Morgen: Mark comes from Northampton (where I live ). I’ve not him yet but I should track him down (in a non-stalkery way). And Val has agreed to be an interviewee so I hope to bring that to you shortly. What do you do when you’re not writing?
Fiona: I play the clarinet badly, I sing in the church worship band (not too badly) and I hoolahoop exceptionally well.
Morgen: I’m hopeless at that, although owning a hoolahoop would help. Where can we find out about you and your work?
Morgen: I’ve really enjoyed this, thank you Fiona.
I then invited Fiona to include an excerpt of her writing and this is taken from her new novel from ‘The Peace Garden’:
The murder charge was only one of the things he had come to South Africa to face; the other was winding her way towards him through dozens of statues of mothers and infants. As she passed a soapstone dog suckling two pups, she stepped into a pool of sunlight, and paused for a moment, enjoying the rare warmth on the crisp winter day.

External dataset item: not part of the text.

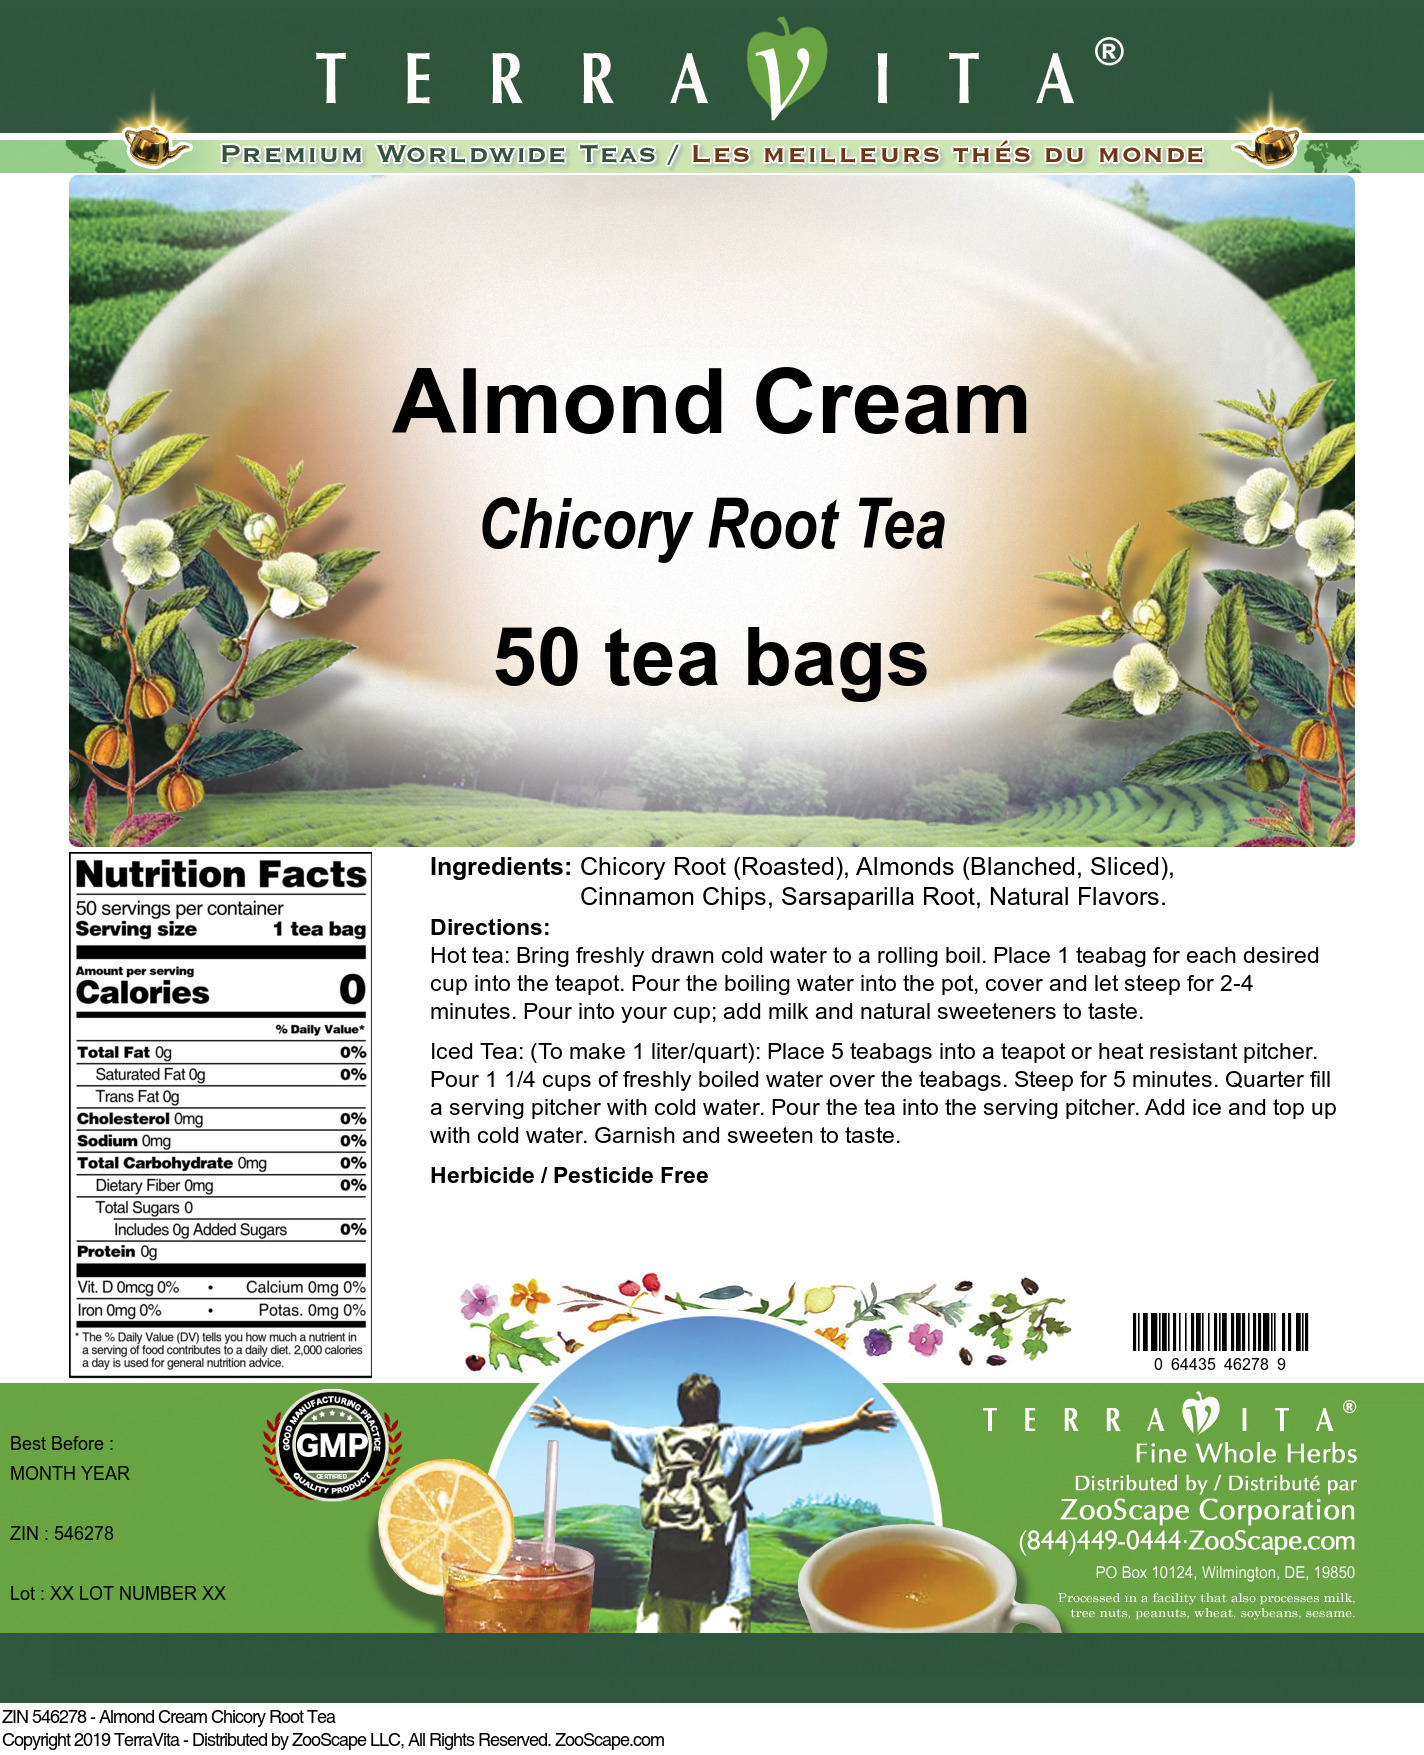 Almond Cream Chicory Root Tea

She was still as beautiful as he remembered, only more so. The braided hair was pulled up into a sophisticated French knot, drawing attention to the poised neck and proud jaw. Her shoulders, still slight, gave way to full breasts and her waist, thicker than it had been, slowly swelled to rounded hips, not unlike those of the silent African women bearing witness in stone to the first meeting of these lovers in two decades.
“Poppy,” he said softly, then louder when she didn’t respond. He stepped out from behind one of the watching women and into her pool of light. She looked, but didn’t speak.
“Poppy!” He said, this time slightly pleading. She smiled, but not with her eyes, then took his hand and led him to a nearby bench. The hand was soft yet cool despite the warming sunshine. They sat together for a long time; Gladwin did not know what else he could say.
Formerly a journalist, Fiona Veitch Smith is a writer of books, theatre plays and screenplays. Her latest novel, The Peace Garden, is a literary thriller set in England and South Africa. It is available as an e-book. Her Young David children’s picture book series is available online and through bookshops in the UK. She is a member of the British Society of Authors and her full list of published books, including ghostwritten books, can be seen there.
Fiona is also the editor of the popular writing advice website The Crafty Writer and her courses attract students from around the world. She has just been commissioned to write the feature screenplay for the adaptation of ‘The Choice’.
Fiona lives with her husband, daughter and two dogs in Newcastle upon Tyne where she lectures in media and scriptwriting at the local universities. She has kindly mentioned this interview on her sites crafty publishing.com and fiona.veitchsmith.com.